In California prison, there’s also the harrowing moment in which Roach discovers the nature of her prisoner interviewee’s crime just moments before meeting with him: he is a murderer.

“I glance down at my list of questions, which includes ‘Might hooping be a form of what the Journal of Homosexuality calls ‘masked anal manipulation’?’” Roach writes, and her readers’ hearts begin to pound alongside hers.

As with most of Roach’s interview subjects, though, her prisoner turns out to be a lovely gentleman who is remorseful of a murder he committed decades ago. He’s also surprisingly adept at explaining the physics of rectal smuggling, a feat that has even Roach wincing.

Much of the charm of “Gulp” is its author’s eternal curiosity and her fearlessness in the pursuit of knowledge. She will truly ask anything, and for that she is often rewarded with peace of mind. For example, when flatulence-expert gastroenterologists Michael Levitt and Julie Furne inform her that hydrogen sulfide, found in gas, is fatal in confined spaces, Roach is up-front about her concern.

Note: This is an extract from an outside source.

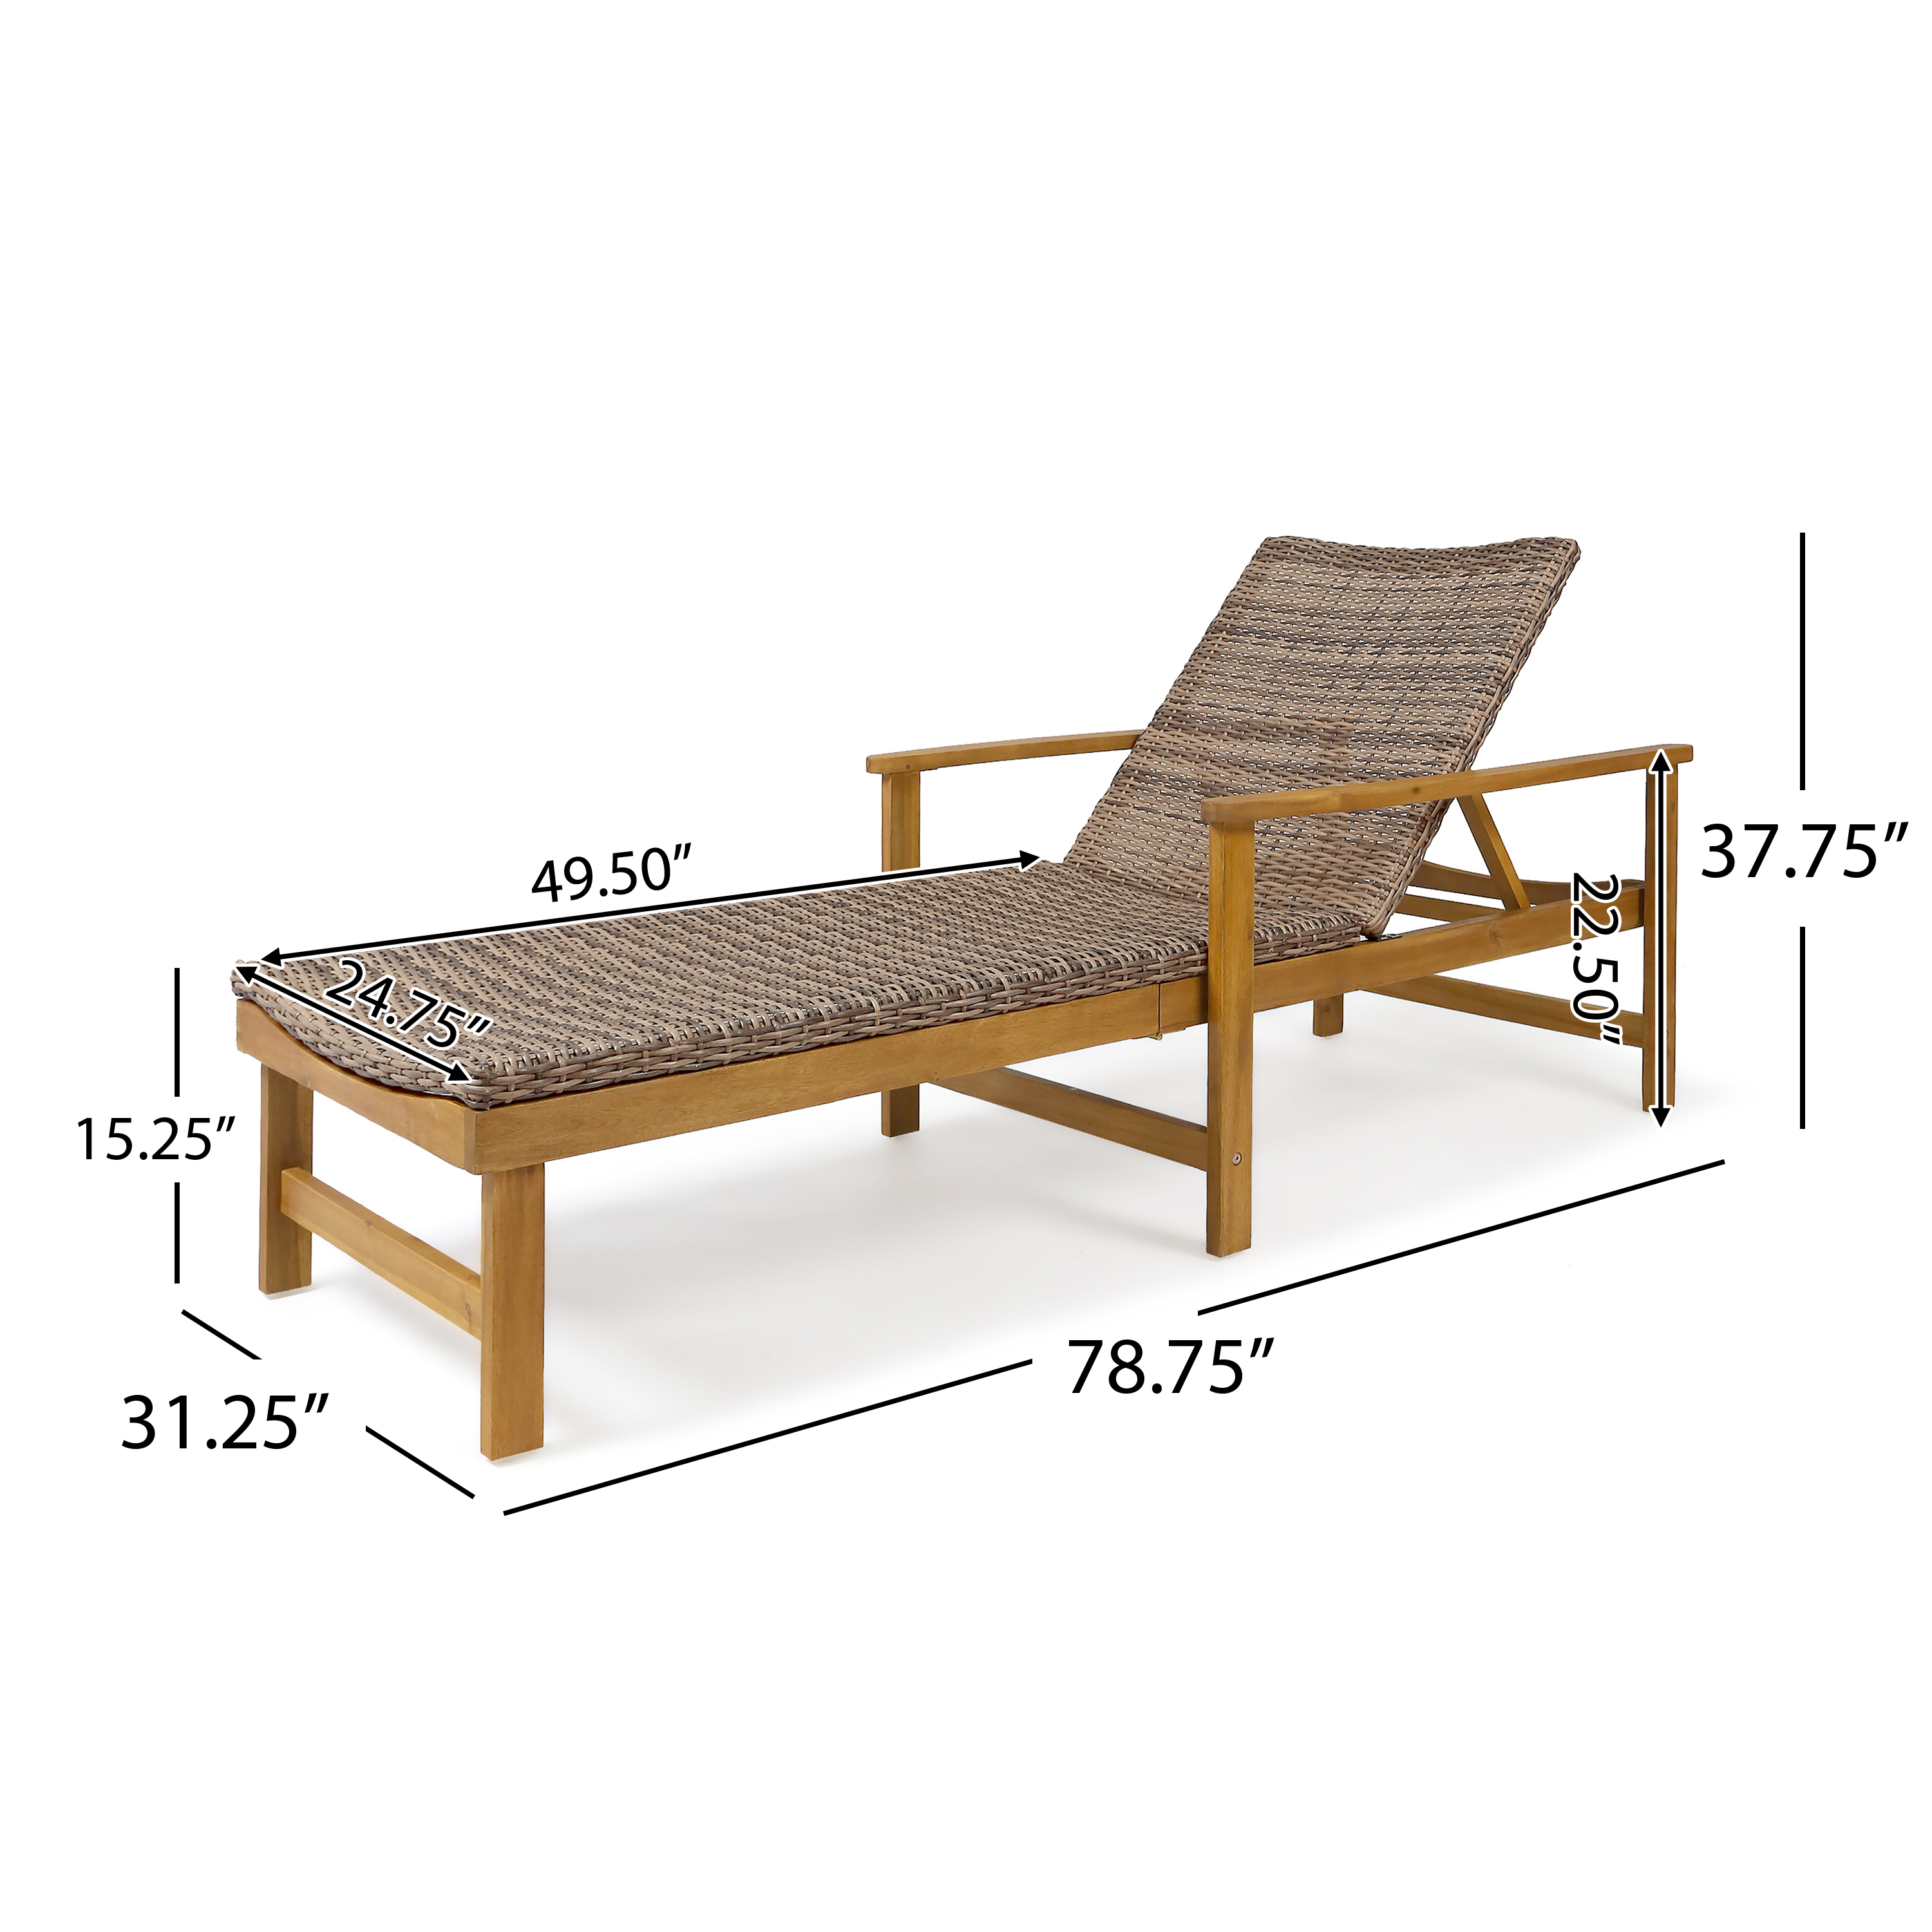 Kyle Outdoor Rustic Acacia Wood Chaise Lounge with Wicker Seating, Natural and Gray - image 2 of 8

“When it’s cold, I tell Furne, I sometimes sleep with my head under the covers,” Roach writes. “Winter is brussels-sprout season, and they’re Ed’s [Roach’s husband’s] favorite side dish.”

Furne assures Roach that the air inside her comforter makes her flatulent husband’s emissions harmless. Roach is relieved, though we aren’t sure what Ed’s opinion about the matter is.

With Roach as our expert rower, our gondola ride along the alimentary canal is scenic but rarely graphic, and it’s always entertaining—she proves to be a cheery, personable tour guide. And the (figurative) cherry on top: perhaps her curiosity about bolus formation was cultivated in a Wesleyan dining hall.